The review compiles evidence from human neuroimaging, histological studies, and animal models. Overall, imaging and tissue studies are largely consistent with the brain-first versus body-first framework. If confirmed, this distinction would mean PD is more complex and heterogeneous than previously appreciated. For example, therapies aimed at preventing or modifying gut-related pathology—such as probiotics, fecal microbiota transplantation, or anti-inflammatory gut-targeted treatments—might benefit patients whose disease is gut-first, but may have limited effect in individuals with a brain-first onset.
“If the brain-first vs body-first hypothesis is correct, we need to intensify research into the specific risk factors and triggers for these two subtypes,” noted Dr. Van Den Berge.

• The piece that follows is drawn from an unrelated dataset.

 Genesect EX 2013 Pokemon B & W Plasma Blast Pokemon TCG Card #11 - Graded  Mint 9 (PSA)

Dr. Borghammer emphasized the implications for precision medicine: “These subtypes are likely to require different prevention and treatment strategies. It may be possible to prevent gut-first cases by targeting the gut environment, whereas brain-first cases will need alternative approaches. Therefore, identifying subtype-specific biomarkers in individual patients is crucial.”

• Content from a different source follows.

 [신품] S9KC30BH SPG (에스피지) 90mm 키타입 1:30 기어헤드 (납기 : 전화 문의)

Parkinson’s disease is a progressive neurodegenerative disorder that impairs movement, balance, and muscle control. It is the second most common age-related neurodegenerative disease, affecting roughly three percent of people by age 65 and up to five percent of those older than 85. Historically, PD was viewed primarily as a disorder of the midbrain characterized by degeneration of pigmented dopaminergic neurons in the substantia nigra. More recent work, however, shows that PD varies widely between patients and likely comprises multiple biological subtypes with distinct clinical trajectories and underlying mechanisms.
Source:
IOS Press
Media Contacts:
Diana Murray – IOS Press
Image Source:
Image credit: Lundbeck Foundation.
Original Research (Open access):
“Brain-First versus Gut-First Parkinson’s Disease: A Hypothesis.” Per Borghammer and Nathalie Van Den Berge. Journal of Parkinson’s Disease. DOI: 10.3233/JPD-191721.
Abstract (summary)
Parkinson’s disease is a heterogeneous disorder likely composed of multiple subtypes. Pathological aggregation and spread of misfolded alpha-synuclein across neural networks are central to disease development. One hypothesis holds that alpha-synuclein pathology begins in the enteric or peripheral nervous system and reaches the central nervous system via retrograde transport along the vagus nerve. However, neuropathological findings are not uniform: some patients show no pathology in vagal entry points such as the dorsal motor nucleus. The authors propose dividing PD into two subtypes: a PNS-first (gut-first) subtype, often associated with REM sleep behavior disorder (RBD) during the prodromal phase and marked autonomic dysfunction before dopaminergic involvement; and a CNS-first (brain-first) subtype, typically RBD-negative early on and characterized by early nigrostriatal dopaminergic dysfunction before substantial autonomic involvement. Imaging and histological evidence reviewed in the paper support this framework and offer a hypothesis-generating model for future studies on PD etiopathogenesis.